Dr. Archibald Adams wrote a letter to Hans Sloane about the making of microscopes after he had visited Leeuwenhoek

Date: 
August 22, 1709

This letter was published in Philosophical Transactions, vol. 27, no. 325, dated 31 March 1710, Adams’s third publication there. Adams explained how he made a microscope similar to those he had seen at Leeuwenhoeks house. He mounted a melted drop of glass between two metal plates, the method that Robert Hooke had first described in 1665 in Micrographia. Adams did not describe a focusing system, but he did describe his microscopic observations of blood. In no. 325, editor Hans Sloane placed Adams’s letter directly after Leeuwenhoek’s Letter L-476 of 6 June 1710 to the Royal Society.

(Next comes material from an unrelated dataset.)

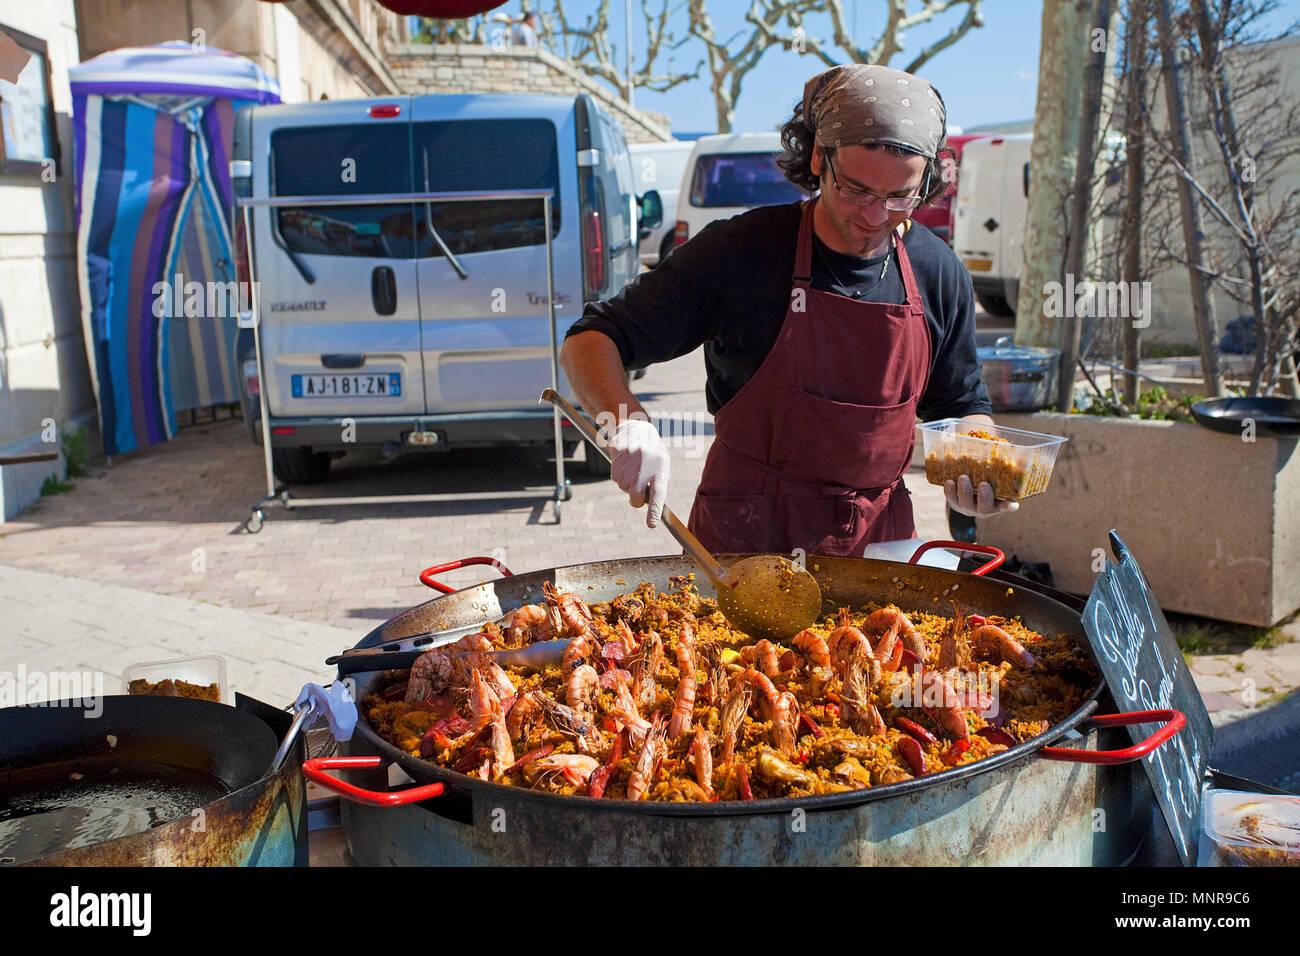 Street market, man sells Paella with prawns, La Ciotat, Bouches-du-Rhone, Provence-Alpes-Côte d'Azur, South France, France, Europe Stock Photo

Dr. Archiballd Adams studied medicine in Leiden and graduated from medical school in Utrecht in 1705. Practicing in Norwich, England, in 1707, he tried in vain to interest Hans Sloane in buying the anatomical collection of Frederik Ruysch. Adams wrote to Sloane in July 1707, “Ruysch tells me that if any British subject, corporation or college shall purchase his closet he will make me as perfect as himself in the art of embalming, injecting & preserving in animated bodies” (British Library, MS Sloane 4041). Sloane did not follow through on the purchase.

Document: 

On 11 August 1709 O.S., Dr. Adams addressed a letter to Royal Society secretary and Philosophical Transactions editor Hans Sloane.

Pursuant to what I wrote some time ago concerning Microscopes, I think that all the Microscopes which preceded Mr. Leeuwenhoek's are so much outdone by his, that it will be proper for me only to take notice of these and the rest of later invention, not designing to lessen their Usefulness, but only to add a few thoughts which may be of service.

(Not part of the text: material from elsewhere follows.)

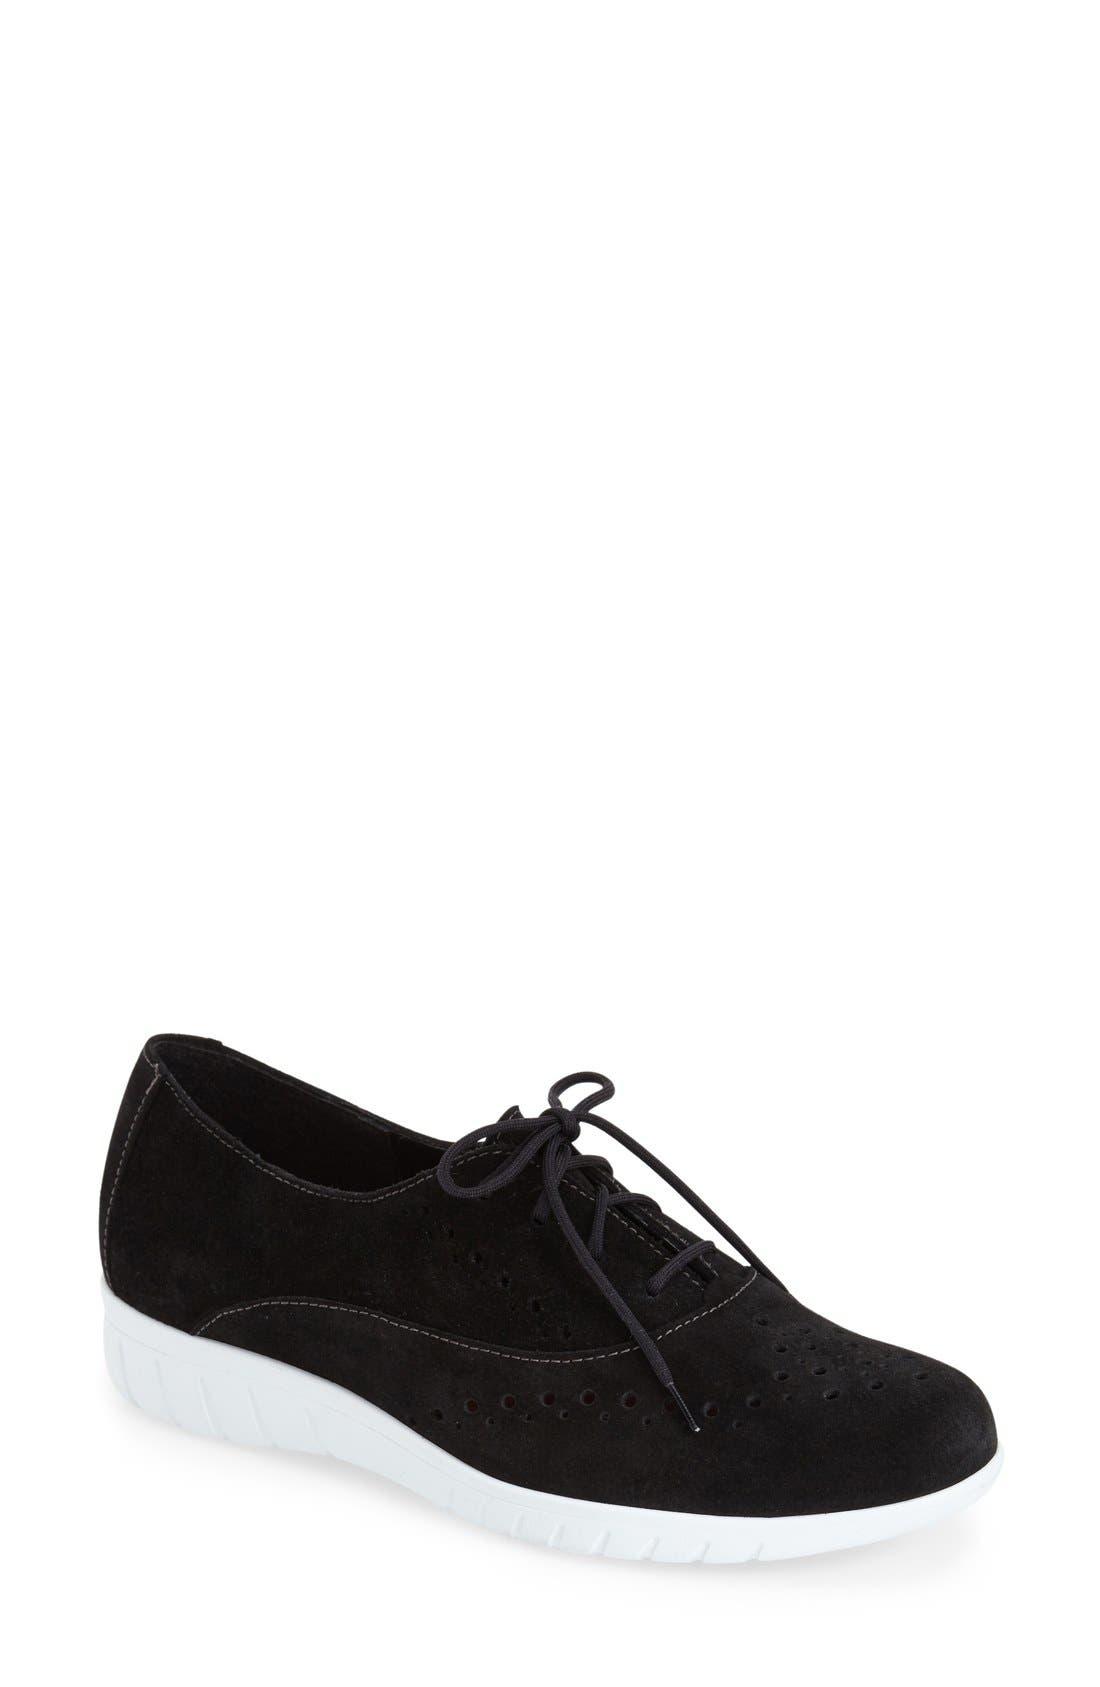 'Wellesley' Oxford Sneaker,                             Main thumbnail 1, color,                             Black Suede

I had not an opportunity of examining Mr. Leeuwenhoek's glasses particularly, which is a favour, he allows to none; therefore I am not capable at this distance to describe either their make or life, any further than that to me they appear’d to be spherules lodg’d between two plates of gold or brass, in a hole whose diameter might not be bigger than that of a small pins head, and the objects I saw through them were pretty and diverting; but still their make and truth are unknown.